The TED talks are about “Ideas worth Sharing.”  They started out very cool, and have gotten more commercialized over time, but more often than not, are fascinating; if typically very focused on technology (due to their silicon valley roots).  There are also independently organized TEDX talks that really embody the “diamond in the rough” meme that started TED.  It’s a great place to see well communicated ideas.

The other day on my lunch hour I happened upon a TEDx Talk from Britain that well, hit my sensibilities as a physicist, mathematician, and strategist squarely.

FRY?

Dr Hannah Fry, according to her website, is a “Dr. of Fluid Dynamics, researcher of Complexity Theory and all round bad-ass.”  If you take a look at her PhD Thesis, it’s 200 pages of graduate level mathematics that pretty well qualify her self description (As do her blogs posts on Python scripting).
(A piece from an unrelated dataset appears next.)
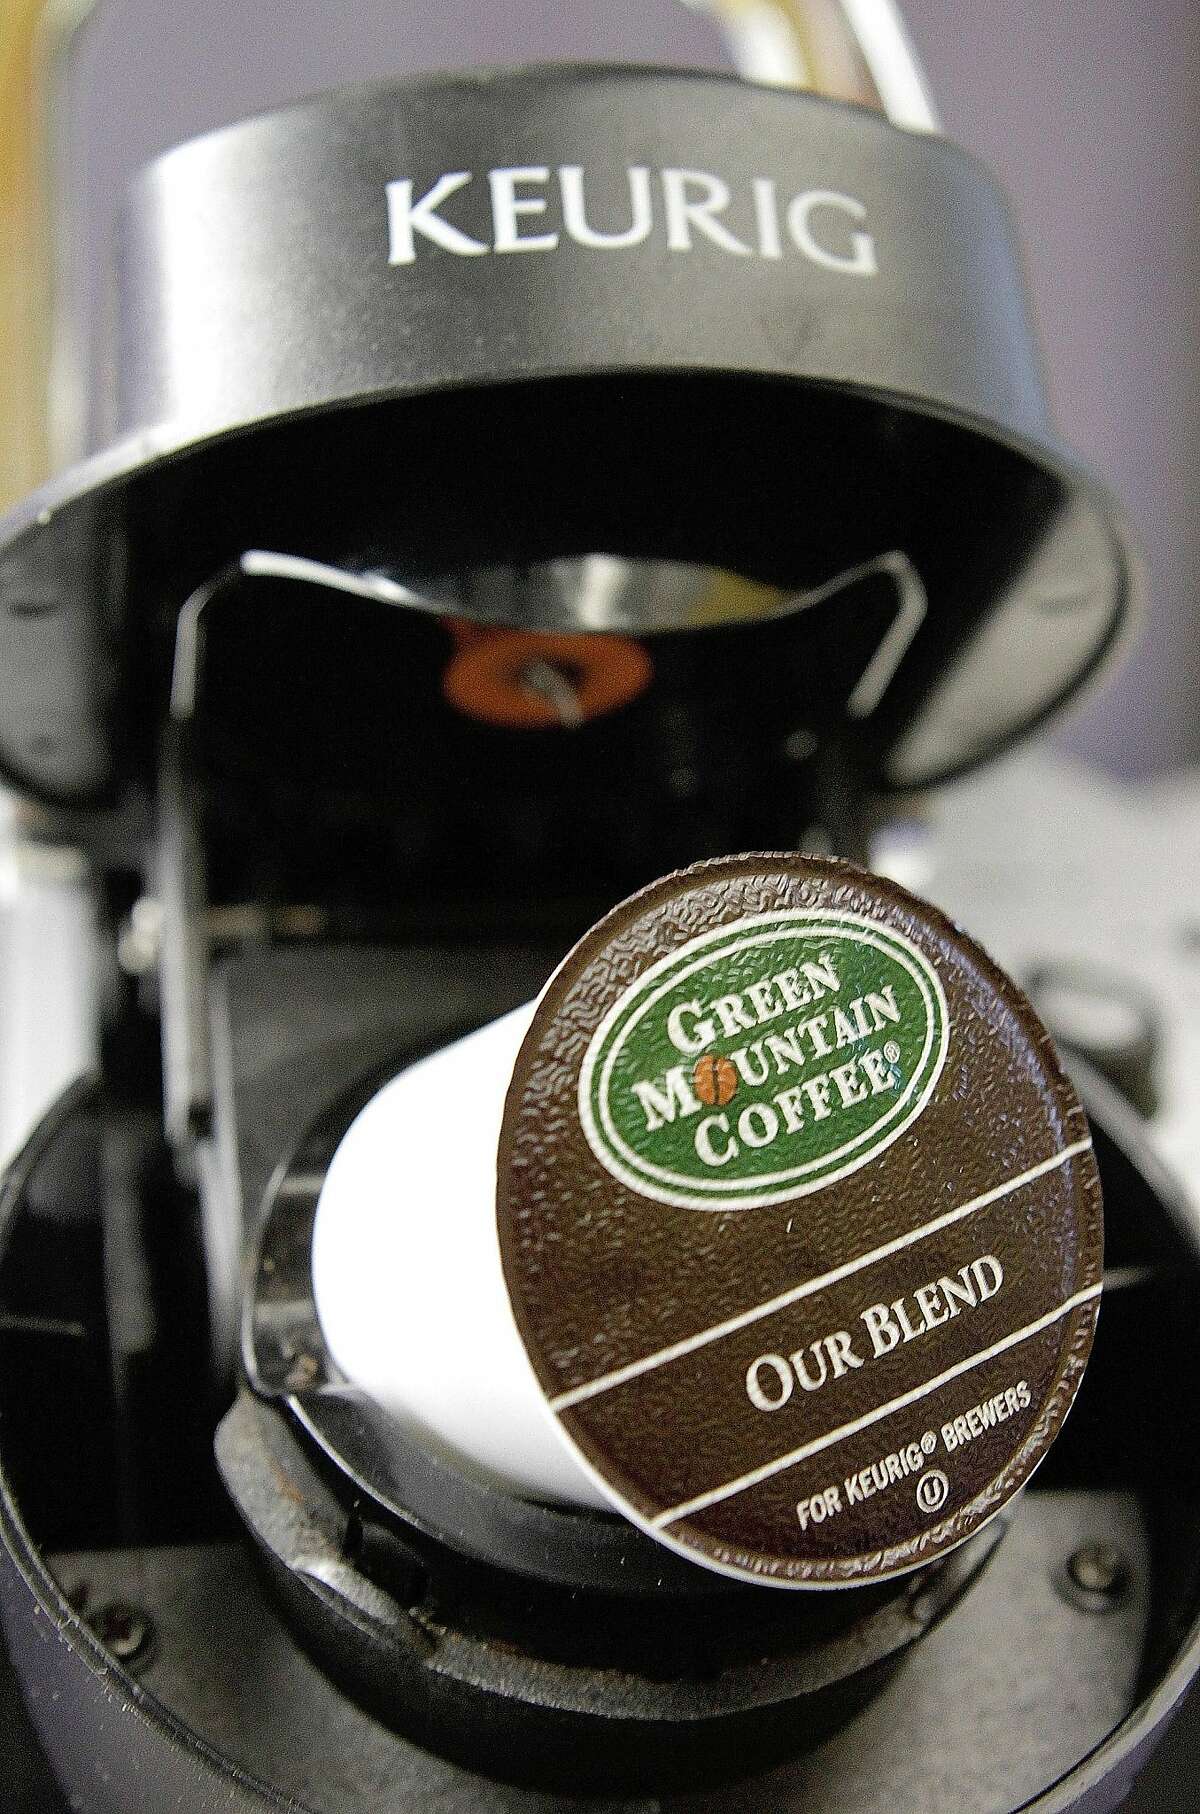 FILE - In this Oct. 7, 2010, file photo, a Green Mountain Coffee single-serving brewing cup is seen in a Keurig machine in Montpelier, Vt. Keurig, the single-cup coffee machine maker, said Monday, Dec. 7, 2015, that it has agreed to be sold to private equity firm JAB Holding Co. for almost $14 billion. (AP Photo/Toby Talbot, File)
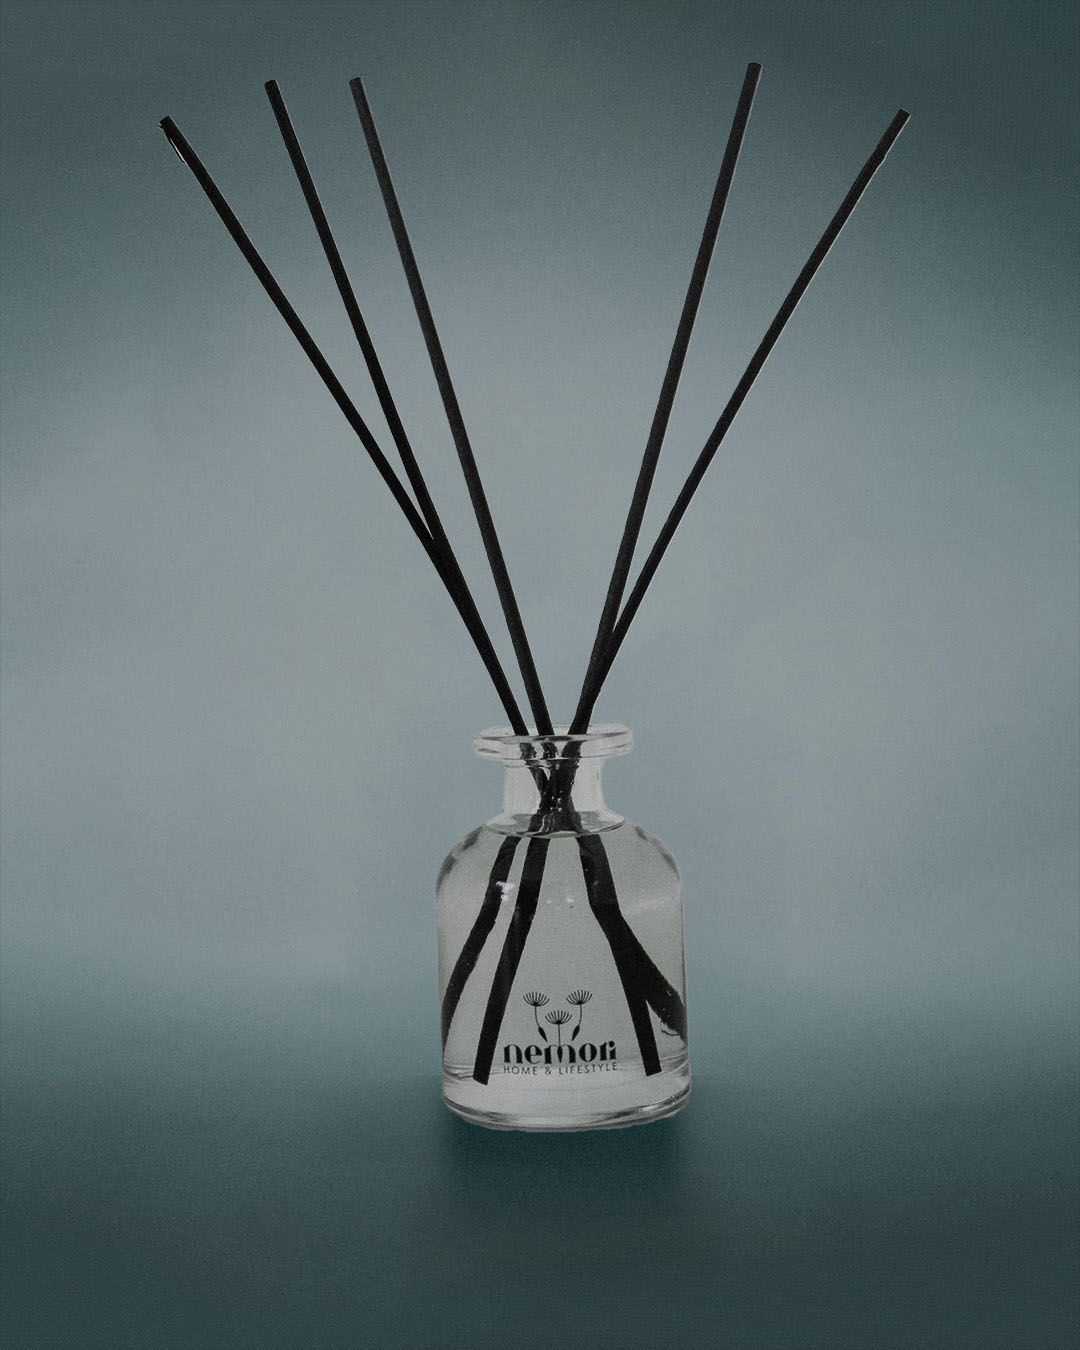 Winter 02  Reed Diffuser 100ml | Sweet Woody Scent

OK, enough background.  SO what?

Point is, Dr Fry did a really well developed TEDx Talk earlier this year that demonstrates in layman’s terms the power of modern mathematics.  Specifically they created a mathematical model given available information and science that accurately recreates what happened in the 2011 London Riots, and appears to predict the behaviour of riots.

Complexity

OK, I’m biased.  I’m an astrophysicist that does quantitative analysis of business intelligence and project planning and execution for a living.  My pile of books to read at home includes math texts on catastrophe theory, game theory, and complexity theory.  But I confess that it was John Mauldin that first showed me the value of applying complexity theory to strategic thinking.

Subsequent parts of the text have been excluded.